Any picture in the listing is left out of the copy; all else is duplicated exactly.
[Opening DATA SEGMENT section]
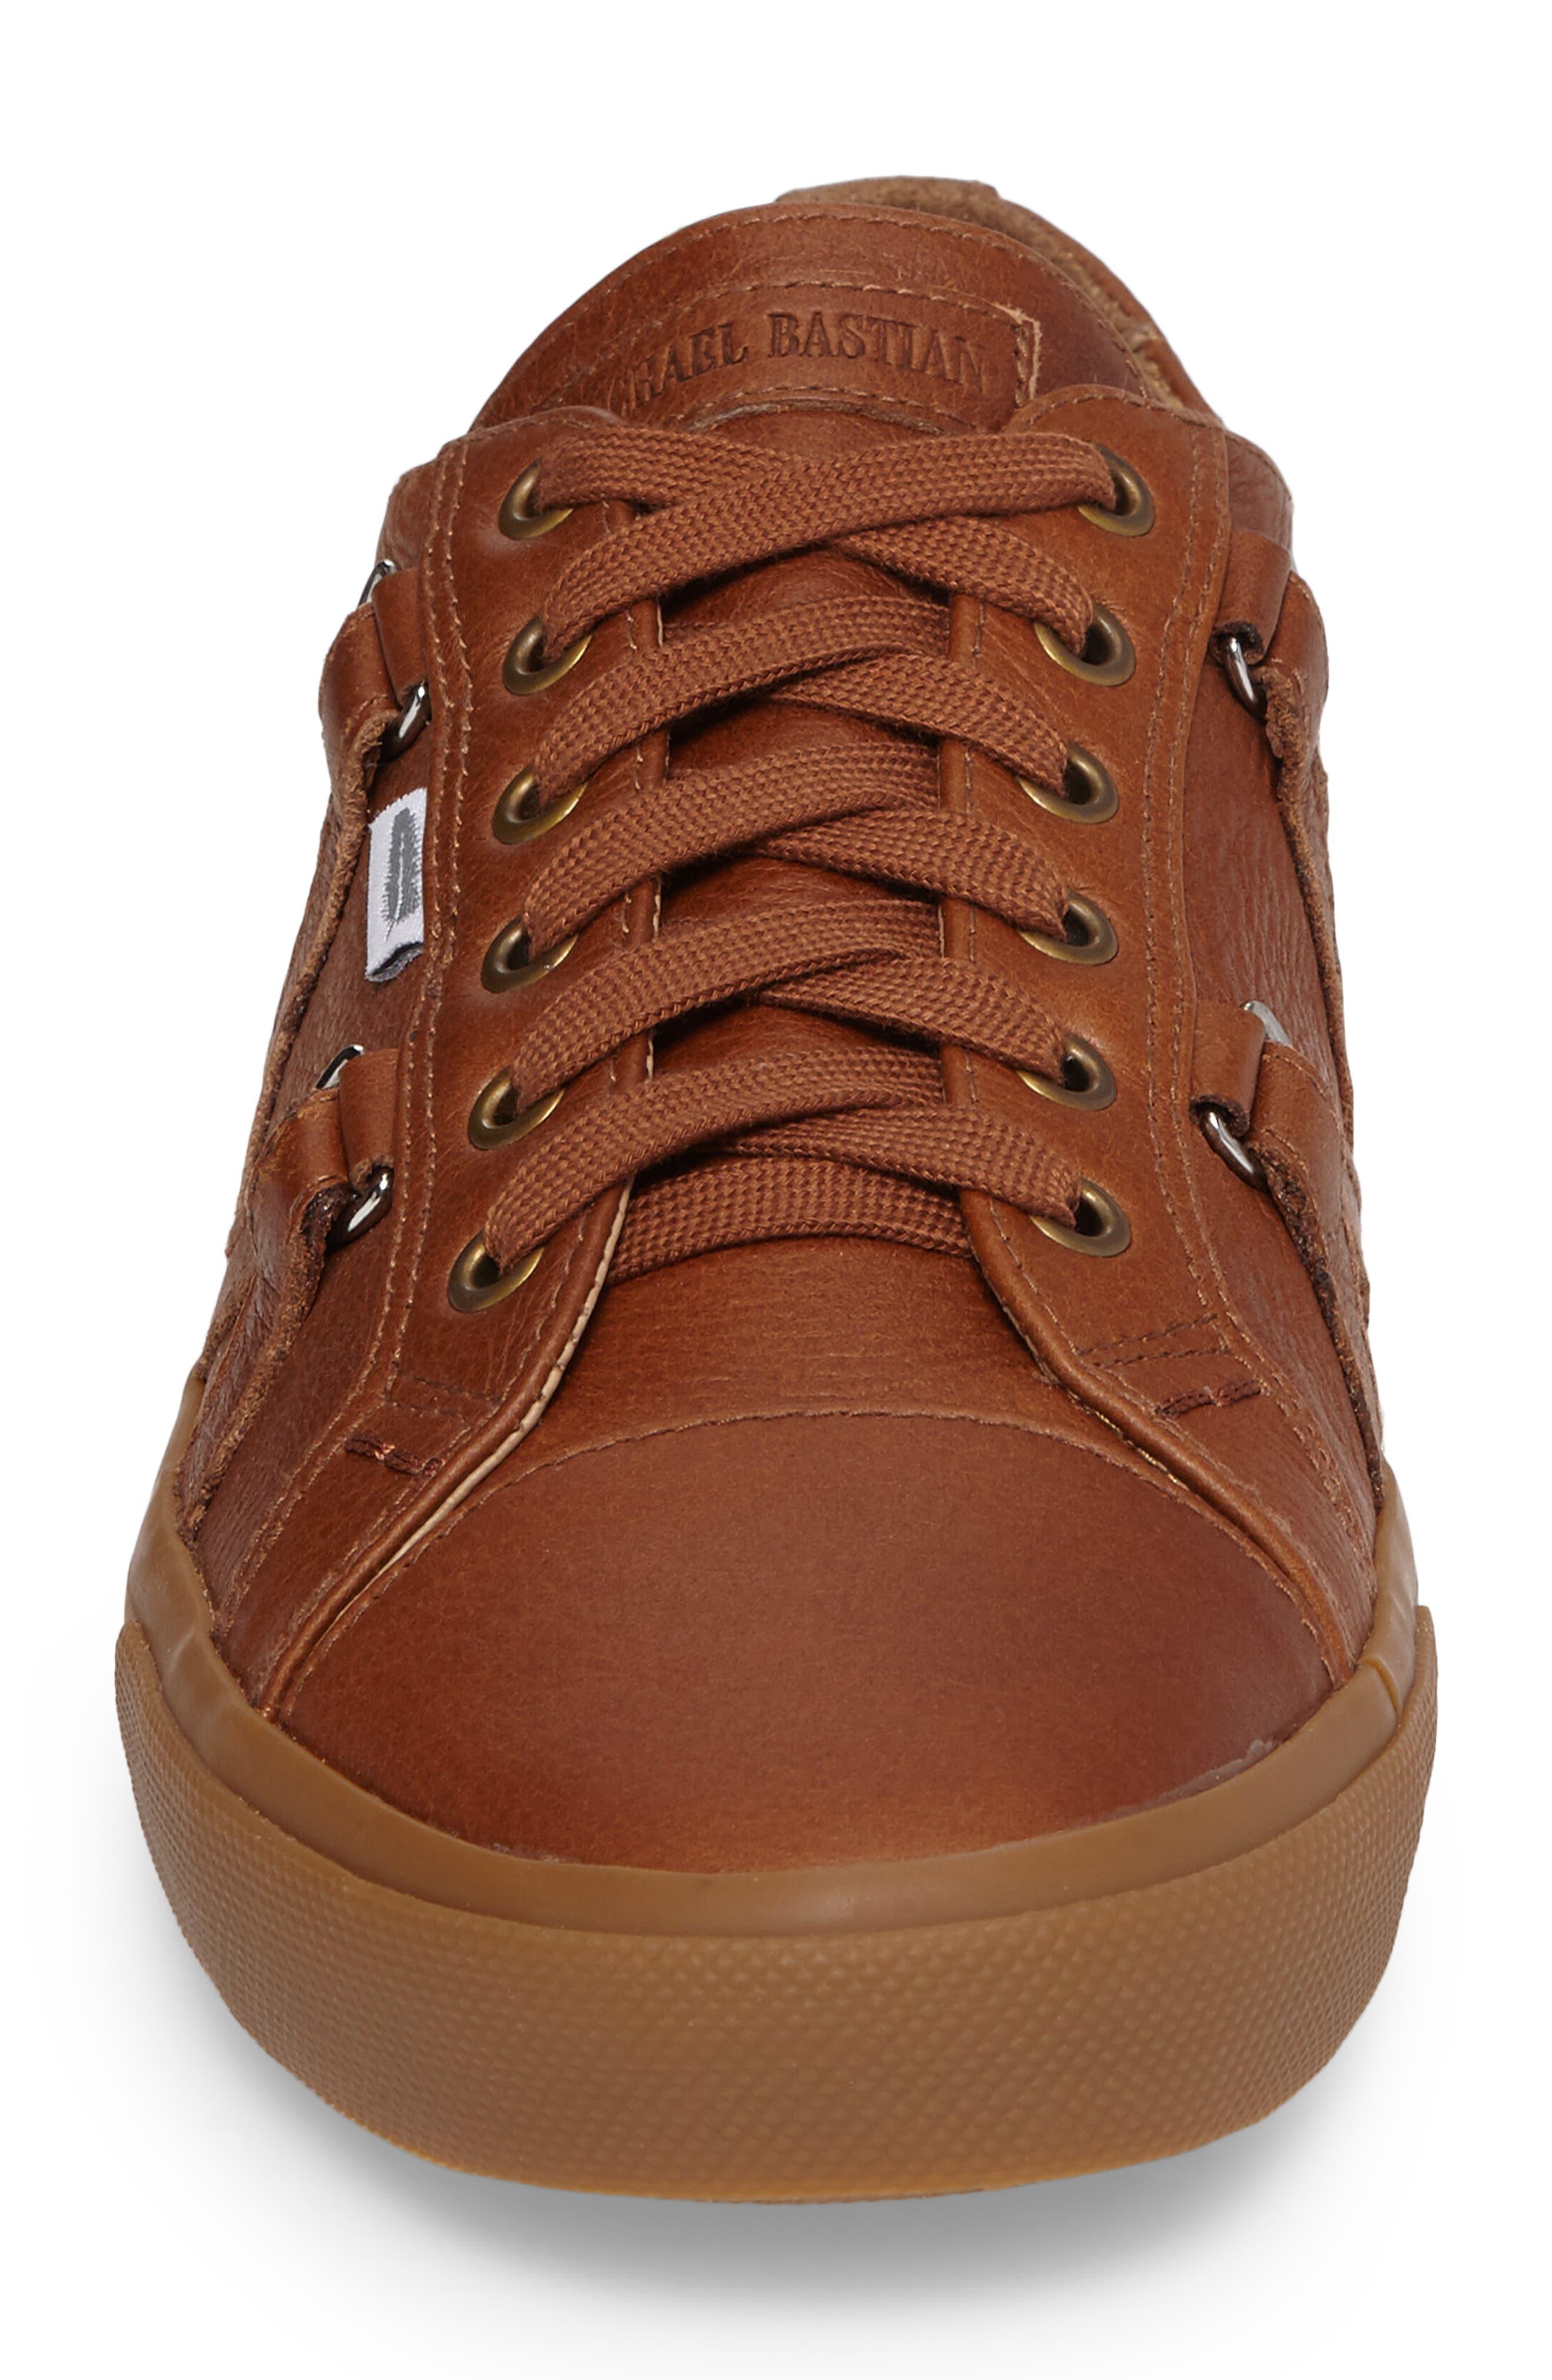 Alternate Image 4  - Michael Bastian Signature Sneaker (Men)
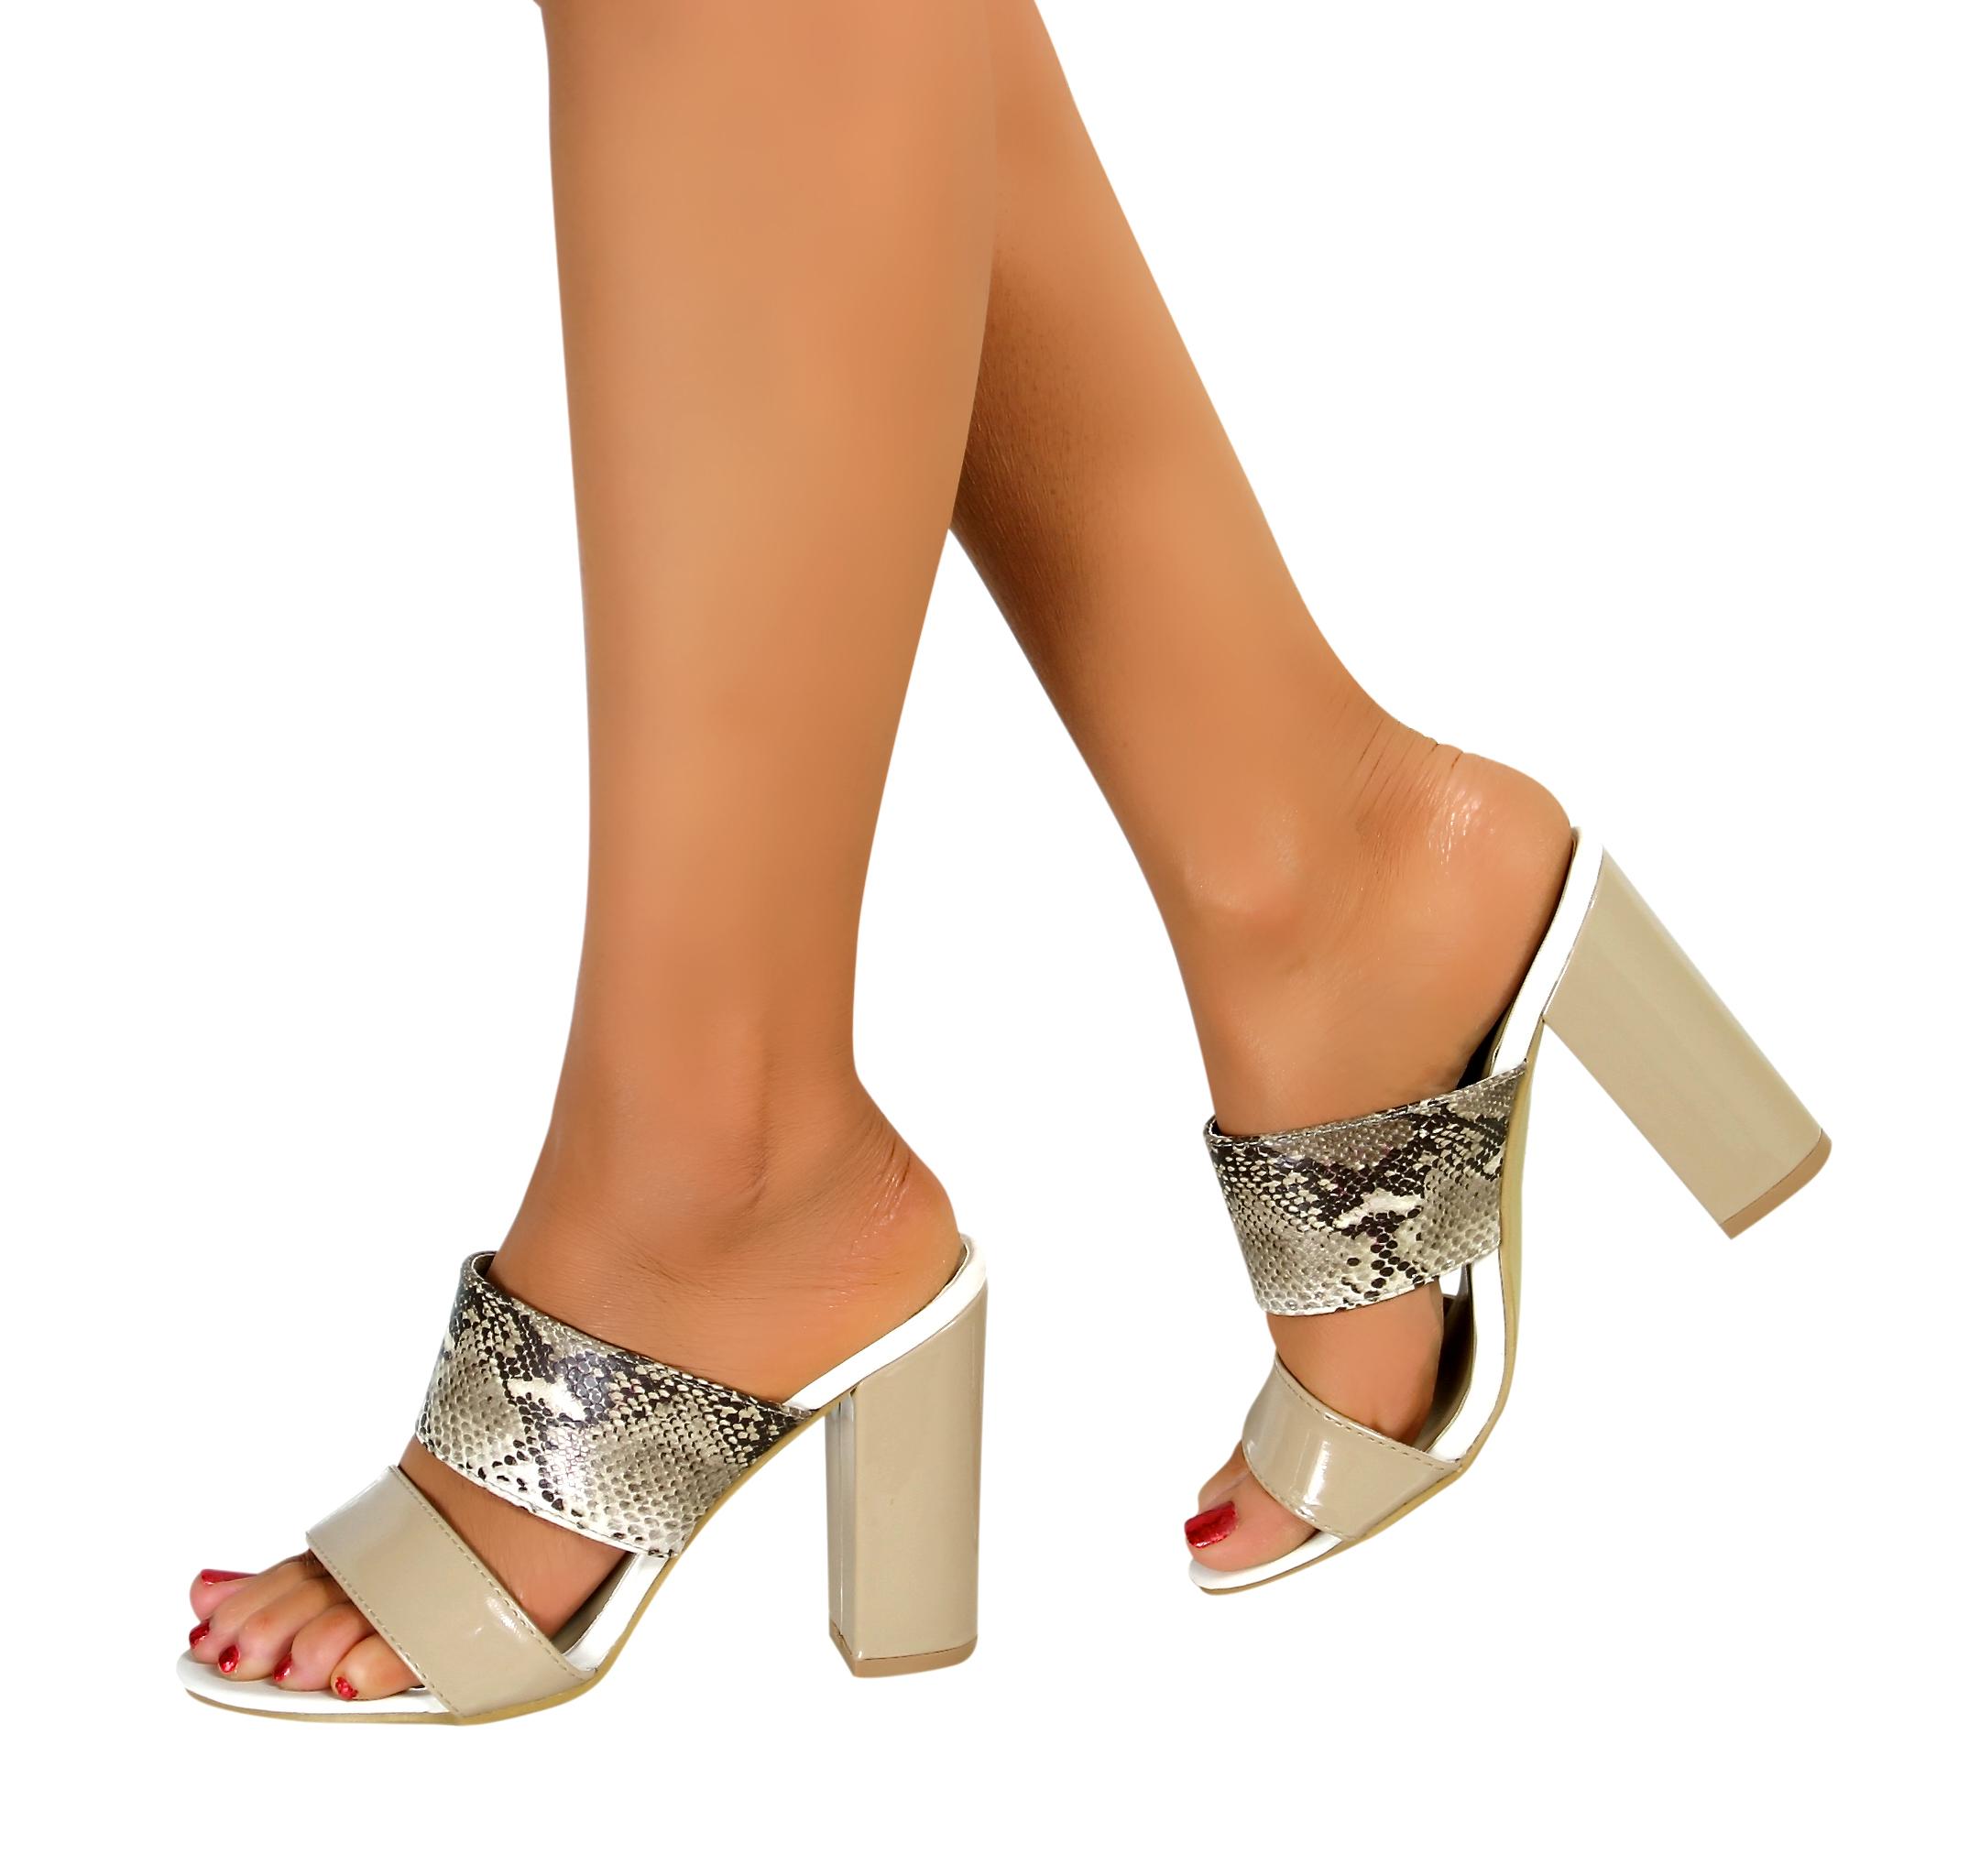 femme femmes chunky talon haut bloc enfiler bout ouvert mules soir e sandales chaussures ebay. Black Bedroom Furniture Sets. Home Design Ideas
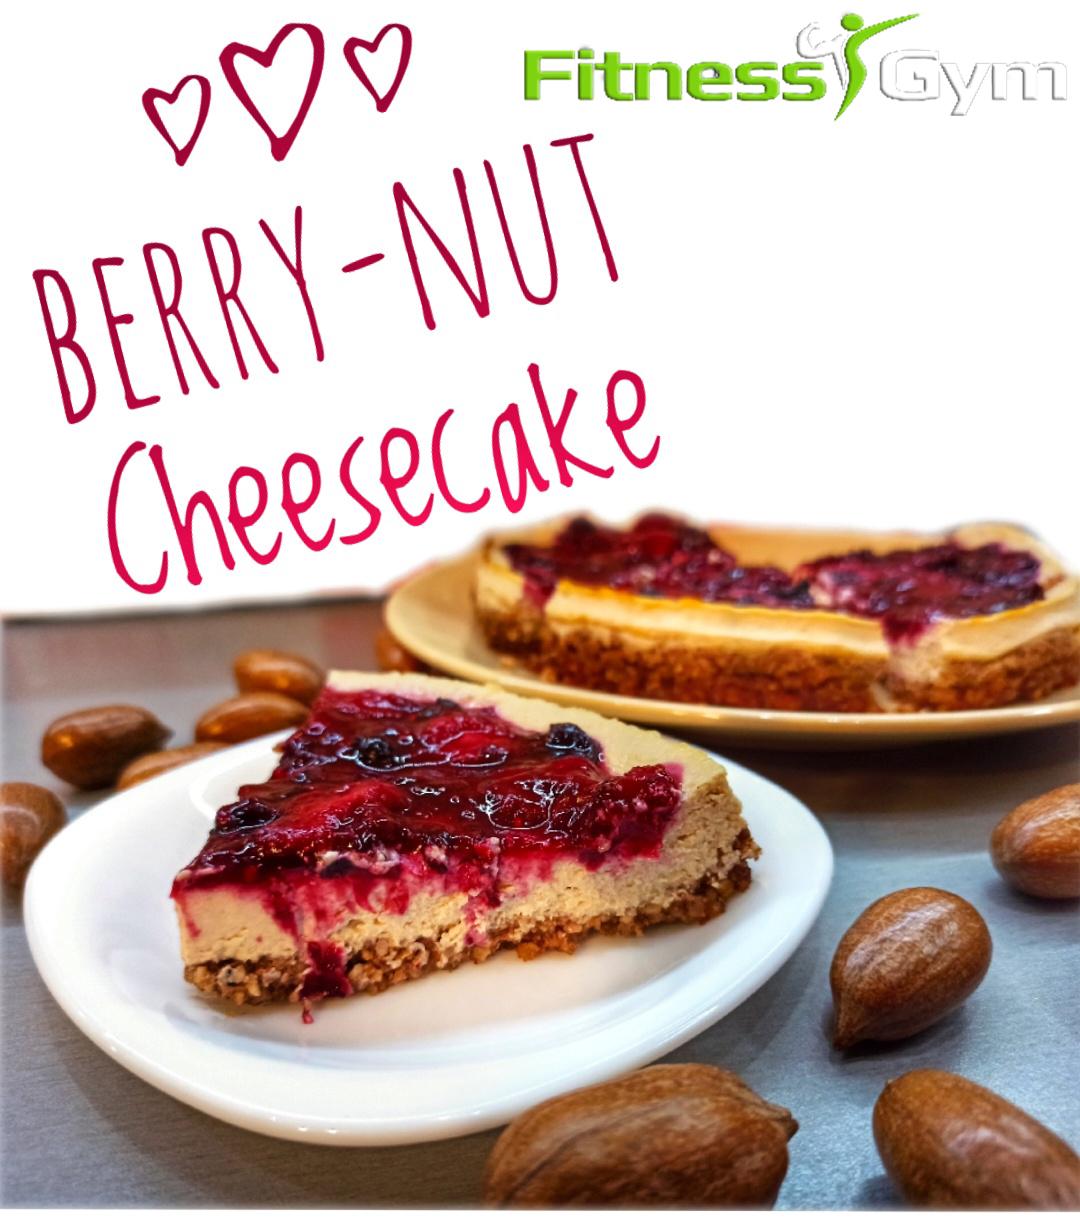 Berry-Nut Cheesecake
[Closing DATA SEGMENT section]
OUTPUT FOR THIS TASK:
 Alternate Image 4  - Michael Bastian Signature Sneaker (Men)
 femme femmes chunky talon haut bloc enfiler bout ouvert mules soir e sandales chaussures ebay. Black Bedroom Furniture Sets. Home Design Ideas
 Berry-Nut Cheesecake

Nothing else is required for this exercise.